When you transcribe the listing that follows, keep every line exact and omit the pictures.
**** Available data
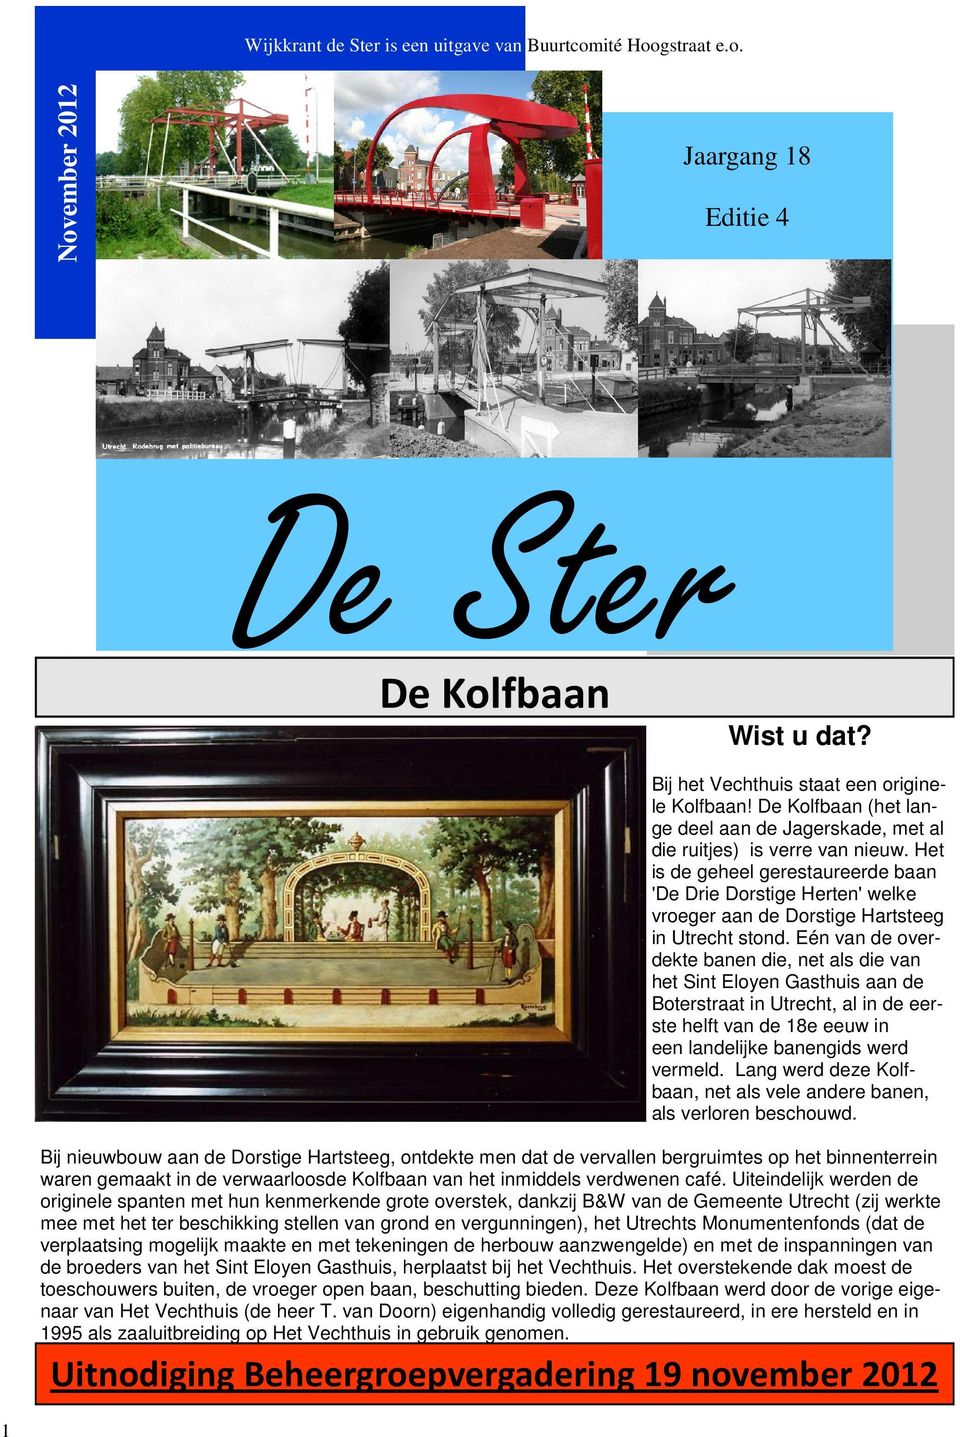 Het is de geheel gerestaureerde baan 'De Drie Dorstige Herten' welke vroeger aan de Dorstige Hartsteeg in Utrecht stond.
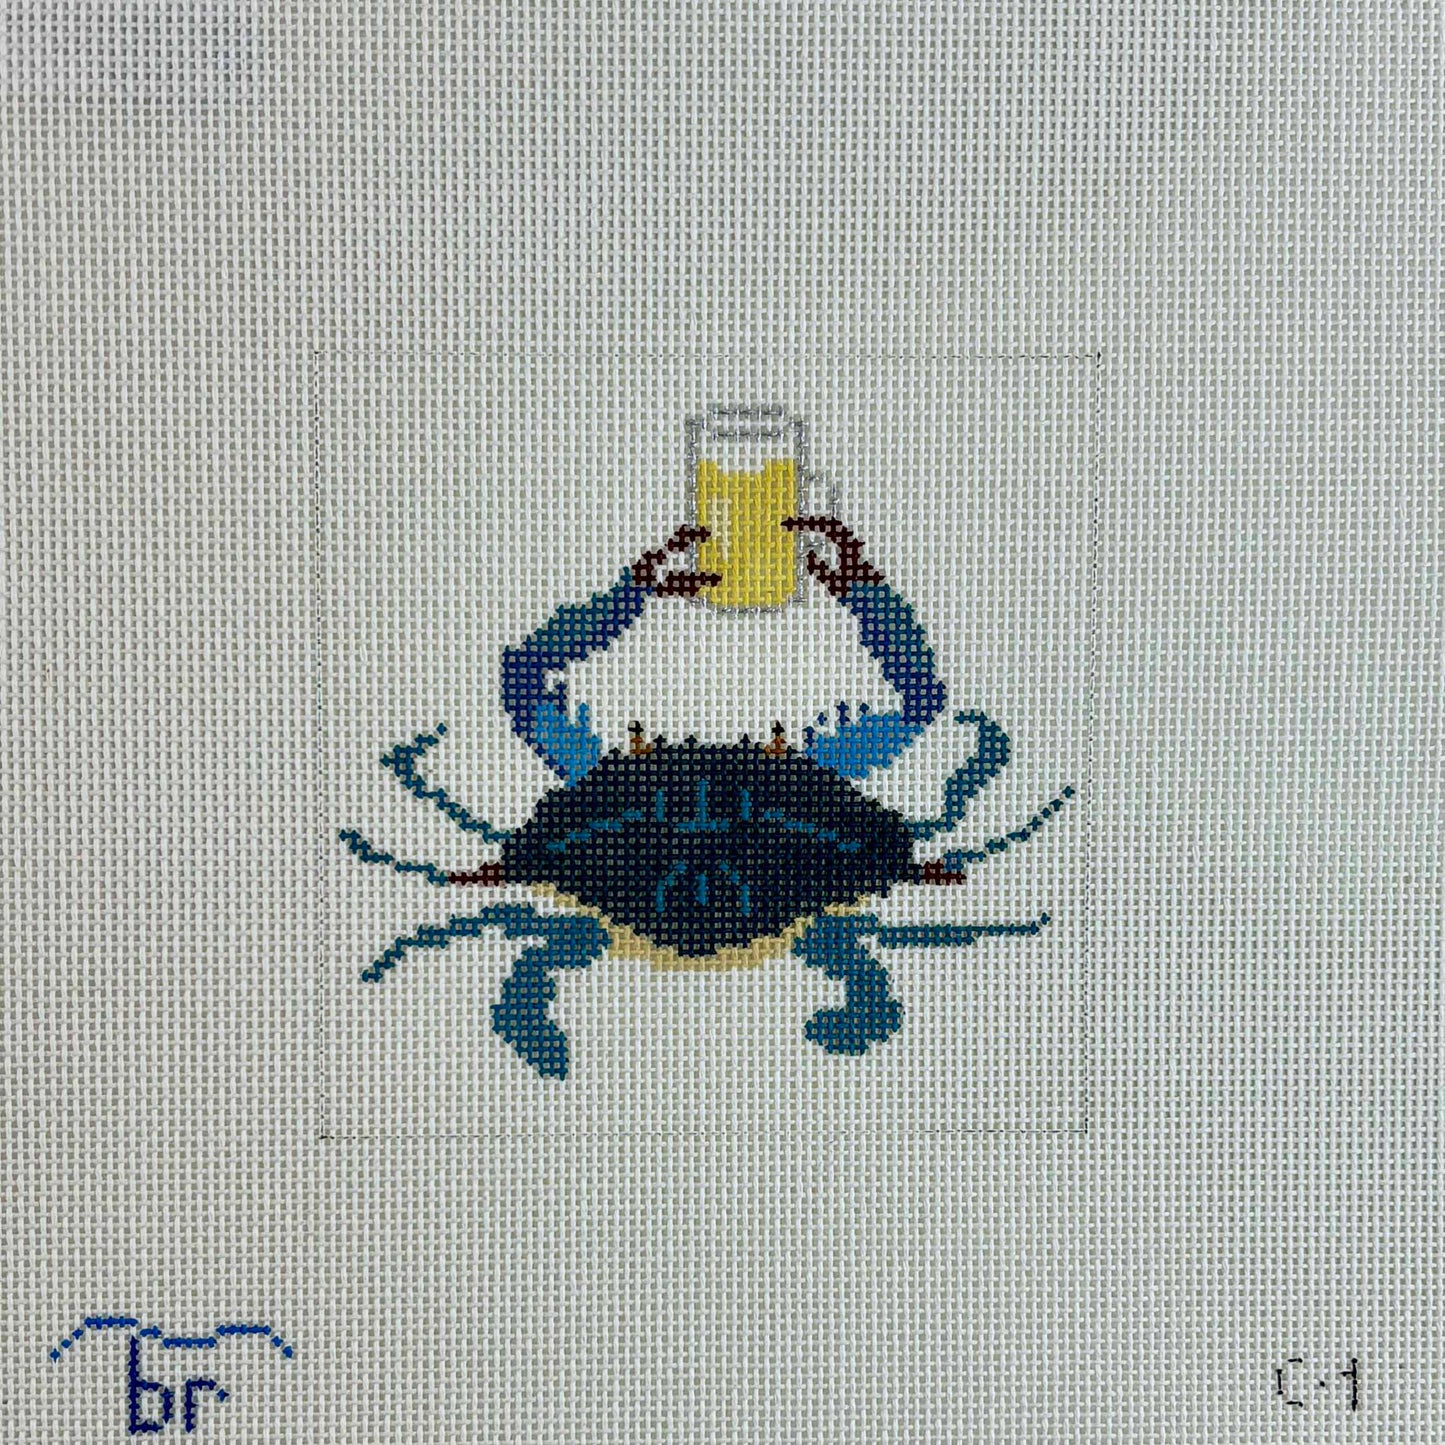 Boozy Sea Creatures: Blue Crab & Beer
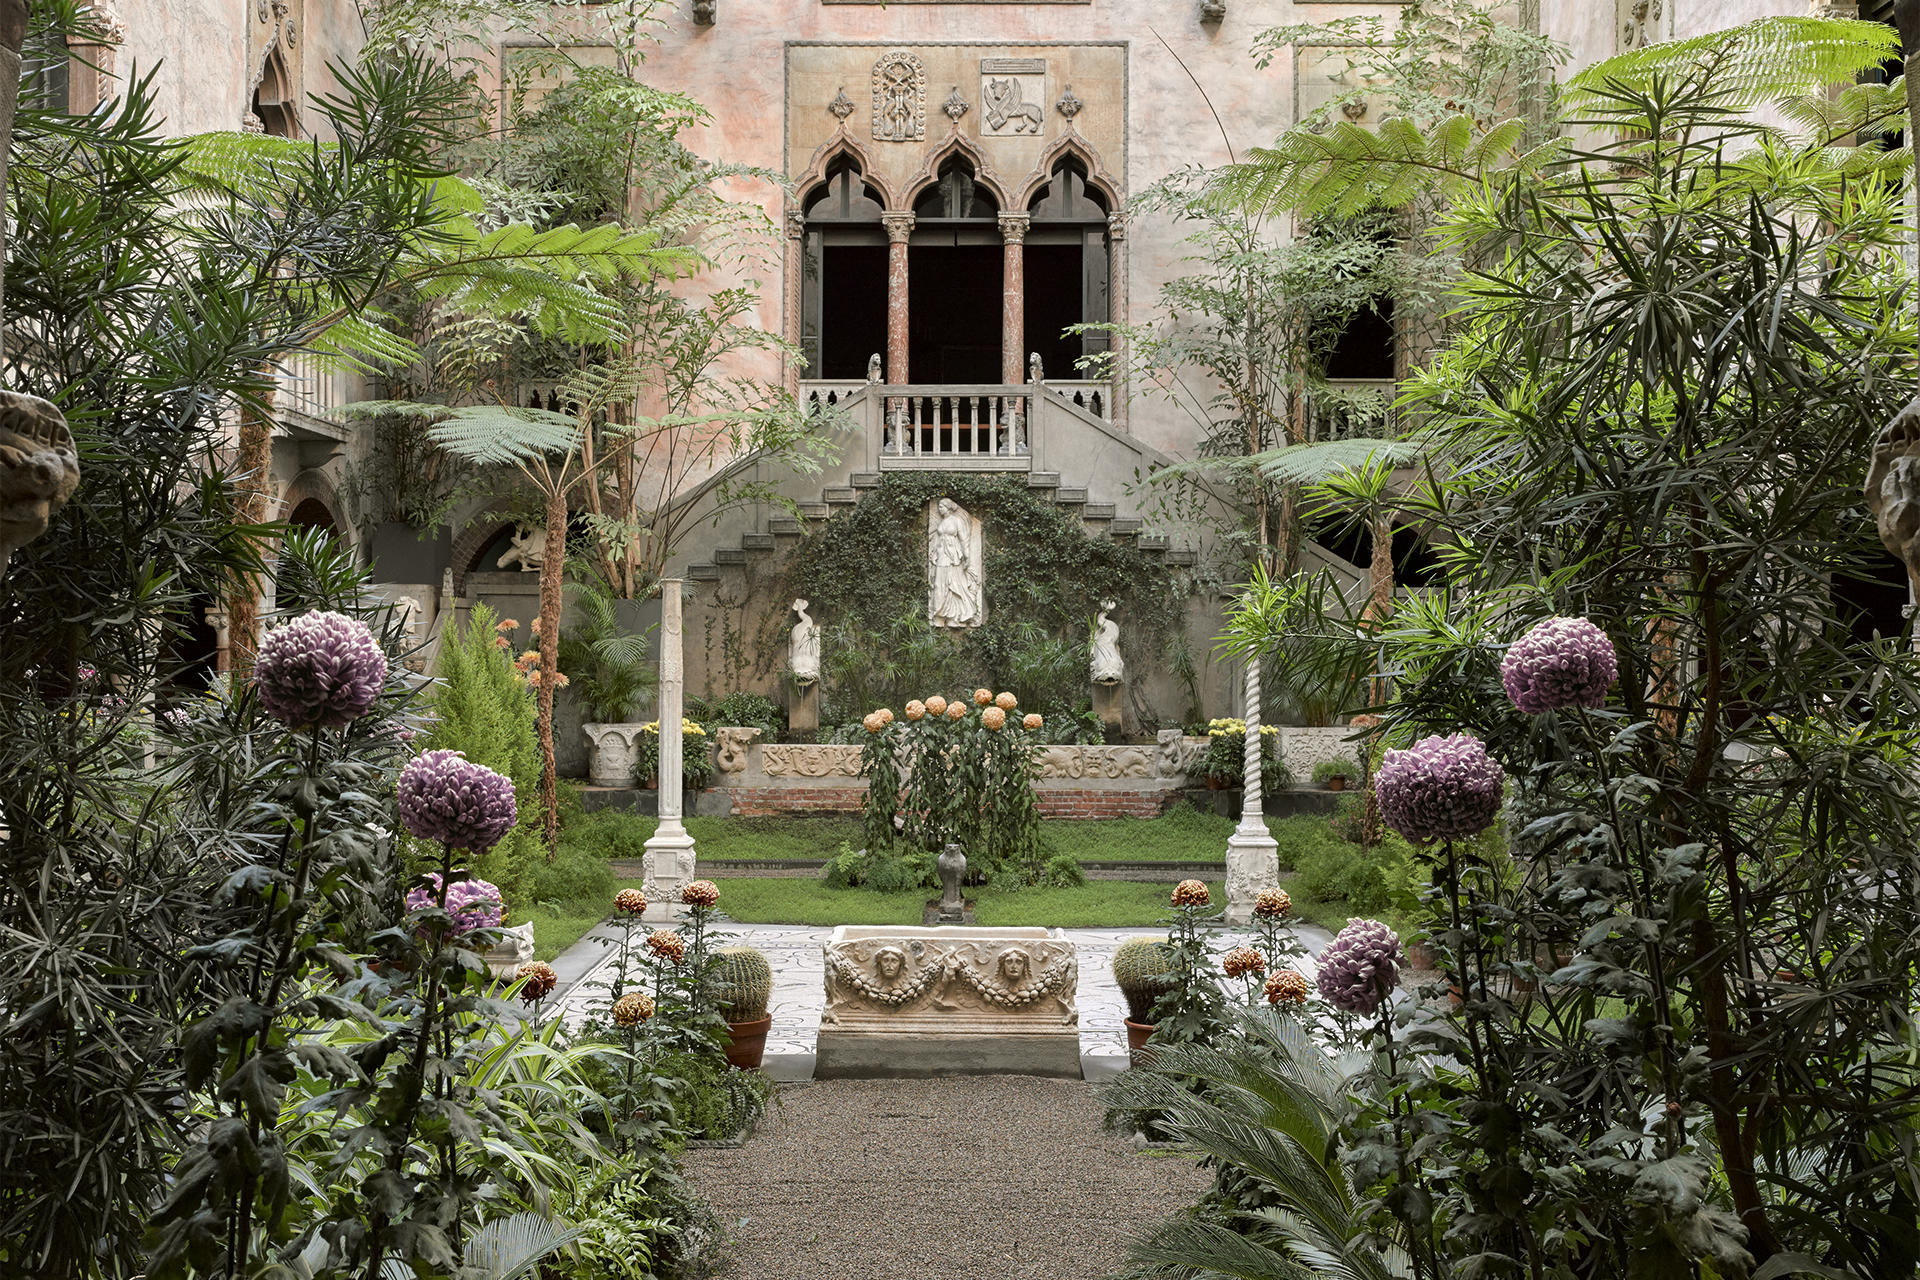 Chrysanthemum courtyard display at the Isabella Stewart Gardner Museum
********
Response box
 Het is de geheel gerestaureerde baan 'De Drie Dorstige Herten' welke vroeger aan de Dorstige Hartsteeg in Utrecht stond.
 Boozy Sea Creatures: Blue Crab & Beer
 Chrysanthemum courtyard display at the Isabella Stewart Gardner Museum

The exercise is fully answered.